Updating hw_ptr_jiffies at that code path looks correct, but it still
leaves the question why this condition happens.  It means that the
actual hwptr isn't changed and yet only jiffies increase
significantly; it means that the hardware can't report proper pointer,
and it should have set SNDRV_PCM_INFO_BATCH flag, then the jiffies
check is skipped.

With which hardware and under which situation did it happen (and the
patch fixed)?


thanks,

Takashi

> 
> Signed-off-by: Brent Lu 
> ---
>  sound/core/pcm_lib.c | 1 +
>  1 file changed, 1 insertion(+)
> 
> diff --git a/sound/core/pcm_lib.c b/sound/core/pcm_lib.c
> index 872a852..d531e1b 100644
> --- a/sound/core/pcm_lib.c
> +++ b/sound/core/pcm_lib.c
> @@ -433,6 +433,7 @@ static int snd_pcm_update_hw_ptr0(struct 
> snd_pcm_substream *substream,
>  
>   no_delta_check:
>   if (runtime->status->hw_ptr == new_hw_ptr) {
> + runtime->hw_ptr_jiffies = curr_jiffies;
>   update_audio_tstamp(substream, &curr_tstamp, &audio_tstamp);
>   return 0;
>   }
> -- 
> 2.7.4
> 


Re: [PATCH] ALSA: pcm: fix incorrect hw_base increase

2020-05-15 Thread Greg Kroah-Hartman
On Fri, May 15, 2020 at 12:09:39PM +0800, Brent Lu wrote:
> The hw_base will be increased by runtime->buffer_size frames
> unconditionally if the runtime->status->hw_ptr is not updated for over
> half of buffer time.
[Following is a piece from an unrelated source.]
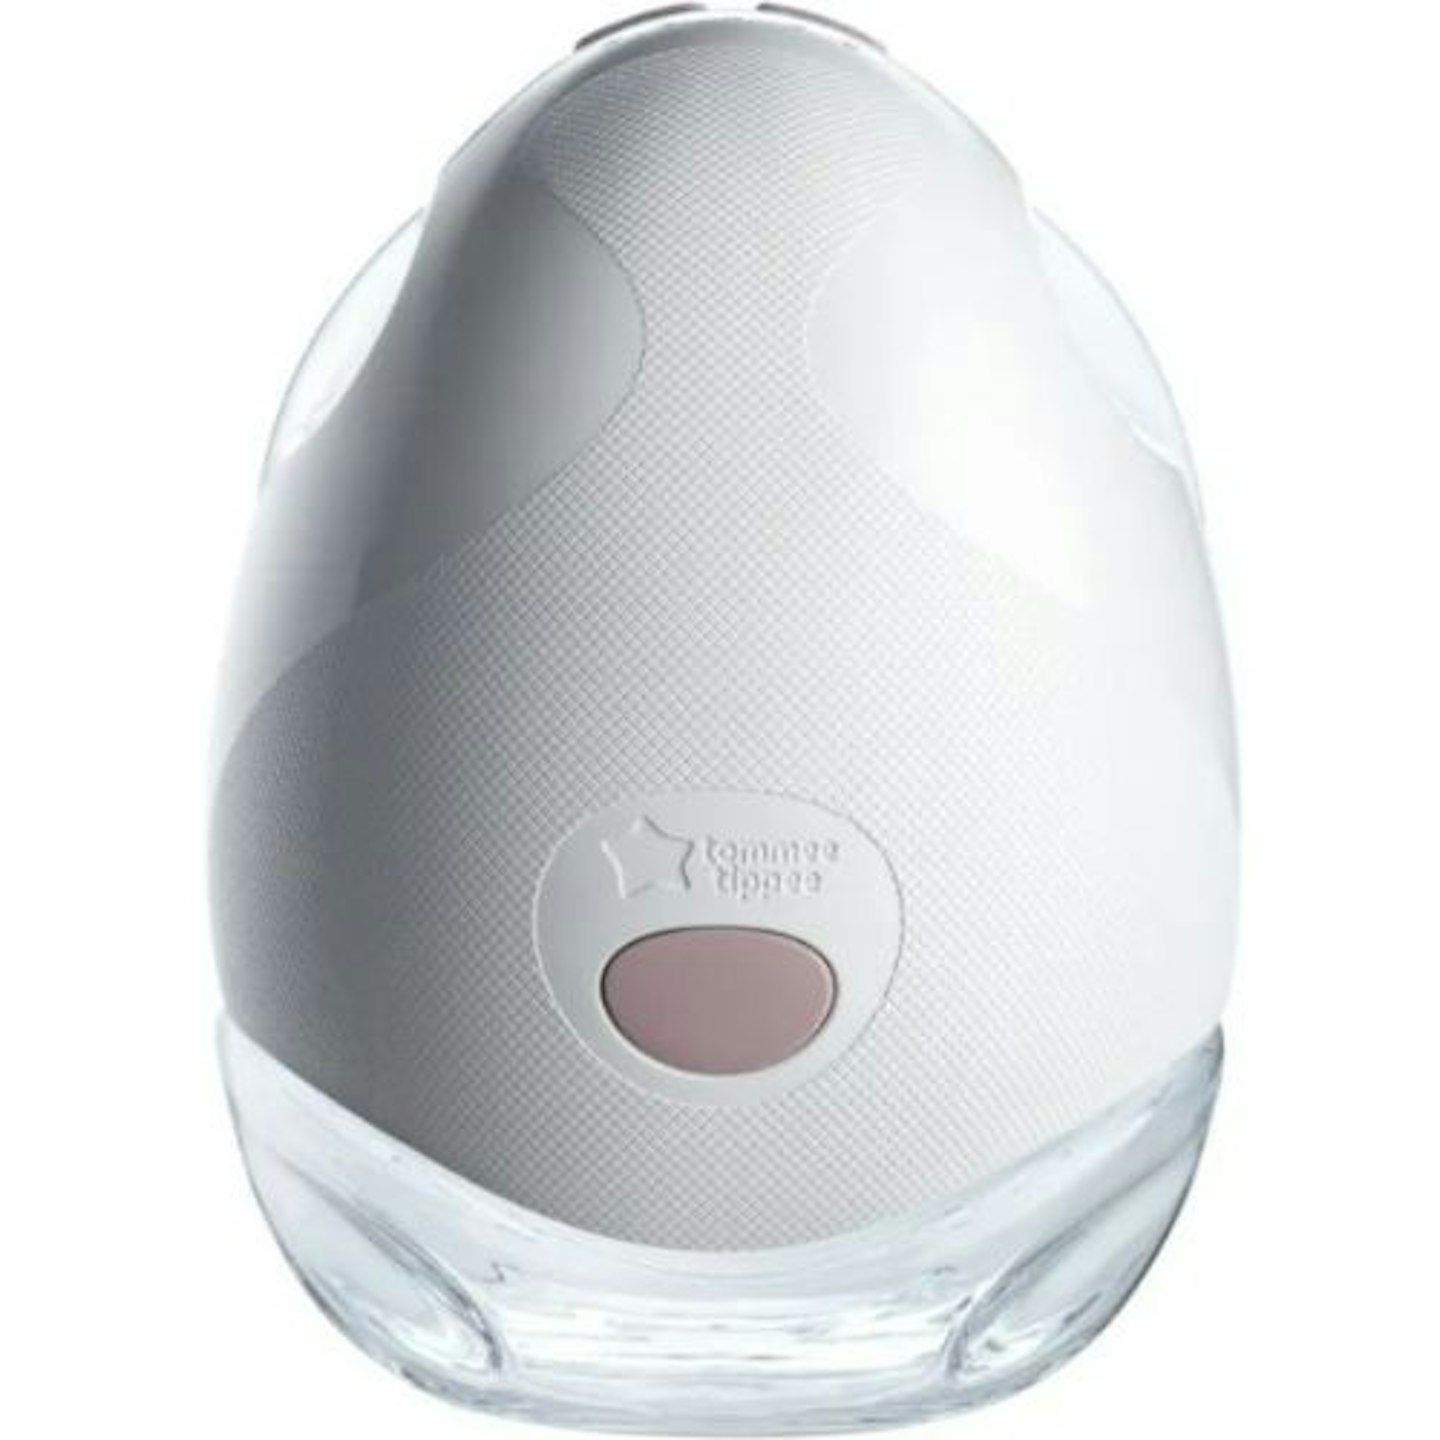 Tommee Tippee Made for Me Wearable Breast Pump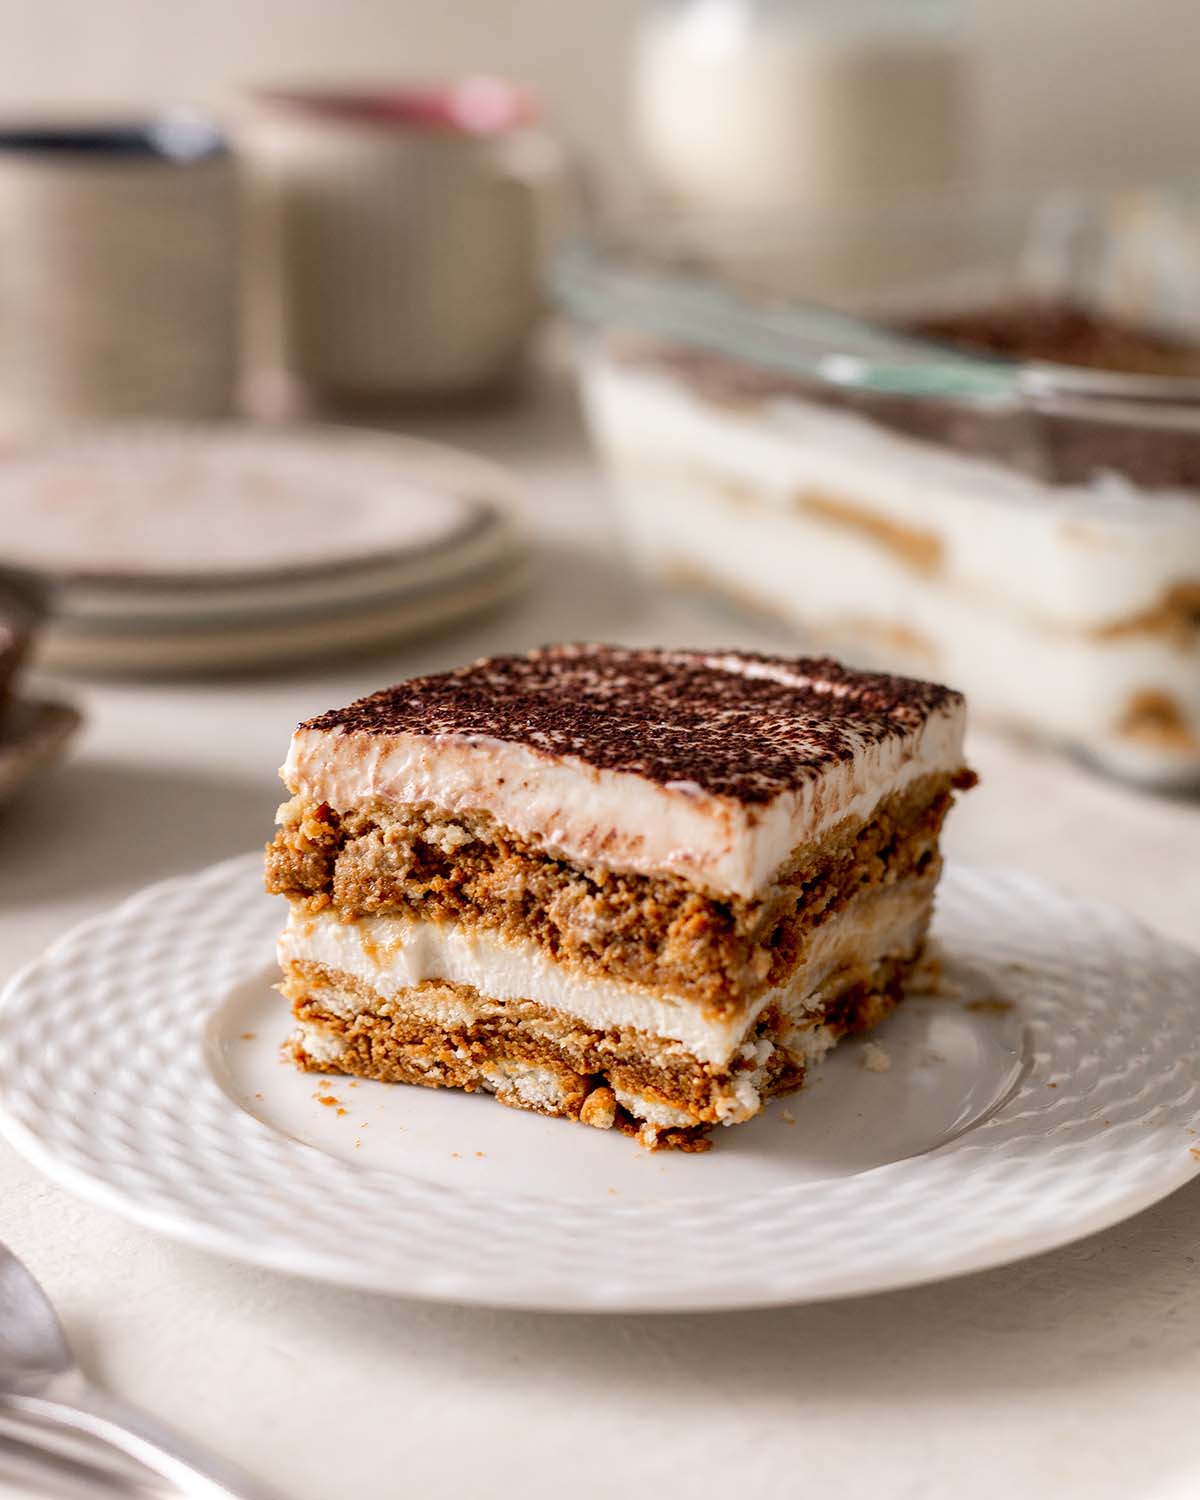 A piece of tiramisu on a plate shown from the side

As the hw_base increases, so does the
> runtime->status->hw_ptr which could lead to invalid return value when
> user space program calls snd_pcm_avail() function.
> 
> By updating runtime->hw_ptr_jiffies each time the HWSYNC is called,
> the hw_base will keep the same when buffer stall happens, so does the
> hw_ptr.
> 
> Signed-off-by: Brent Lu 
> ---
>  sound/core/pcm_lib.c | 1 +
>  1 file changed, 1 insertion(+)

Is this a bugfix needed for older kernels as well?  When did this issue
show up?

thanks,

greg k-h